Basic Statistics on a Pandas DataFrame
Pandas, a powerful data manipulation and analysis library in Python, provides a wide range of statistical functions that can be performed on a DataFrame, which is the core data structure in Pandas. These basic statistics can help you gain valuable insights into your data and make informed decisions. Here are some of the most common statistical operations you can perform on a Pandas DataFrame:
Descriptive Statistics
Descriptive statistics provide a summary of the key characteristics of your data. Some of the most commonly used descriptive statistics in Pandas include:
describe()
: This function generates a summary of the statistical measures for each numerical column in the DataFrame, including the count, mean, standard deviation, minimum, 25th percentile, 50th percentile (median), 75th percentile, and maximum.
import pandas as pd
# Create a sample DataFrame
df = pd.DataFrame({'Age': [25, 30, 35, 40, 45],
'Salary': [50000, 60000, 70000, 80000, 90000]})
print(df.describe())
info()
: This function provides information about the DataFrame, including the number of rows, columns, data types, and memory usage.
print(df.info())
value_counts()
: This function counts the number of occurrences of each unique value in a column, which can be useful for understanding the distribution of categorical data.
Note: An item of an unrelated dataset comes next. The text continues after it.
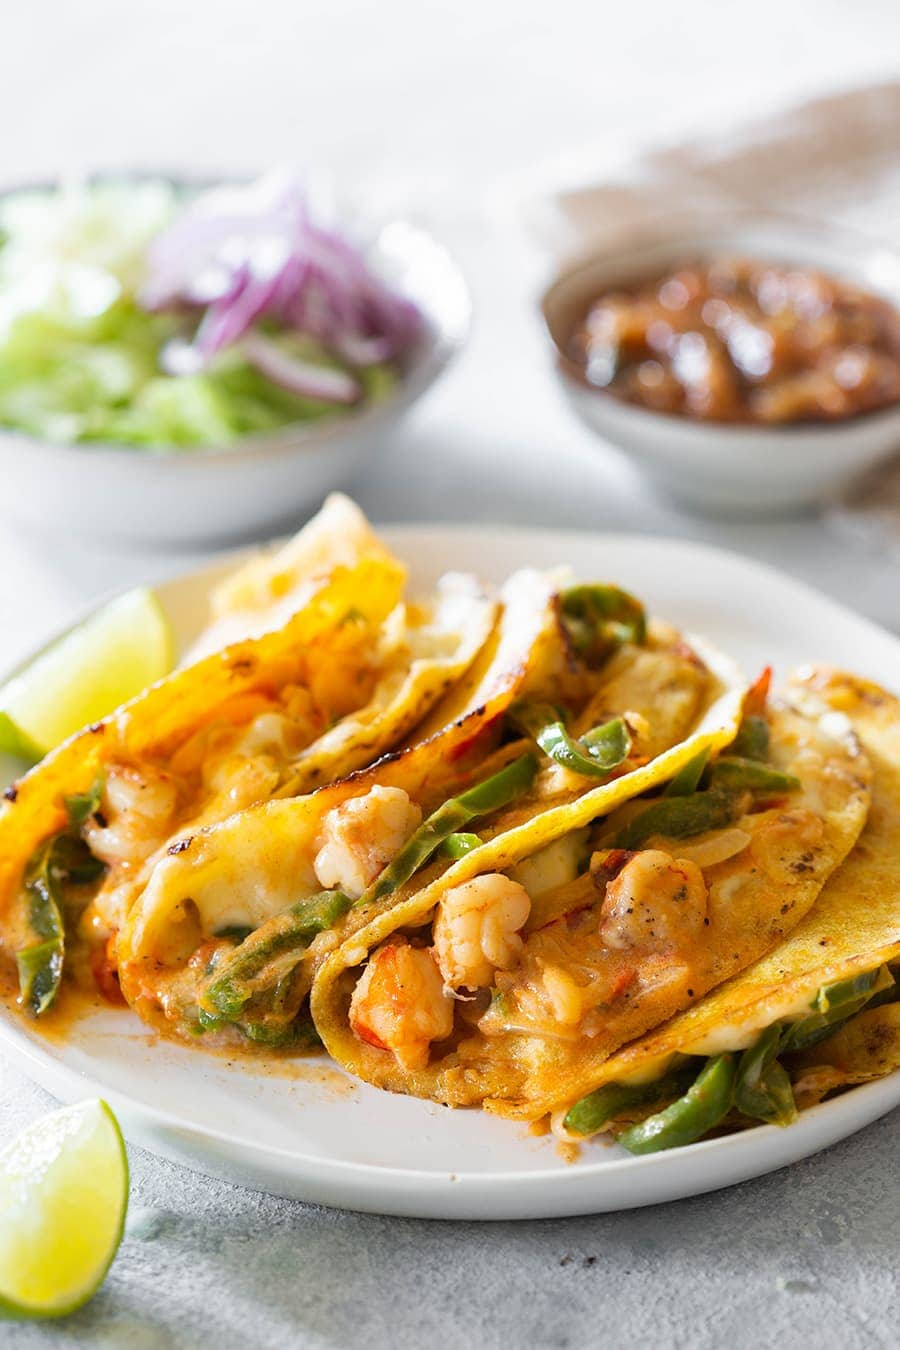 Tacos gobernador with various toppings.

print(df['Age'].value_counts())
Measures of Central Tendency
Measures of central tendency describe the center or typical value of a dataset. The most common measures of central tendency in Pandas are:
mean()
: Calculates the arithmetic mean (average) of the values in a column.median()
: Calculates the median (middle value) of the values in a column.mode()
: Calculates the mode (most frequent value) of the values in a column.
print(f"Mean age: {df['Age'].mean()}")
print(f"Median age: {df['Age'].median()}")
print(f"Modal age: {df['Age'].mode()[0]}")
Measures of Dispersion
Measures of dispersion describe the spread or variability of the data. Some common measures of dispersion in Pandas include:
std()
: Calculates the standard deviation of the values in a column.var()
: Calculates the variance of the values in a column.min()
andmax()
: Determine the minimum and maximum values in a column, respectively.quantile()
: Calculates the specified quantile (e.g., 25th, 50th, 75th) of the values in a column.
print(f"Standard deviation of age: {df['Age'].std()}")
print(f"Variance of age: {df['Age'].var()}")
print(f"Minimum age: {df['Age'].min()}")
print(f"Maximum age: {df['Age'].max()}")
print(f"25th percentile of age: {df['Age'].quantile(0.25)}")
Correlation and Covariance
Pandas also provides functions to calculate the correlation and covariance between columns in a DataFrame:
corr()
: Calculates the Pearson correlation coefficient between columns.cov()
: Calculates the covariance matrix between columns.
print(f"Correlation between age and salary: {df.corr()['Age']['Salary']}")
print(f"Covariance matrix:\n{df.cov()}")
By using these basic statistical functions in Pandas, you can gain a deeper understanding of your data and make more informed decisions. The Mermaid diagram below summarizes the key statistical operations covered in this answer:
Remember, these are just the basic statistical operations you can perform on a Pandas DataFrame. Depending on your specific data and analysis needs, you may need to explore more advanced statistical techniques and libraries.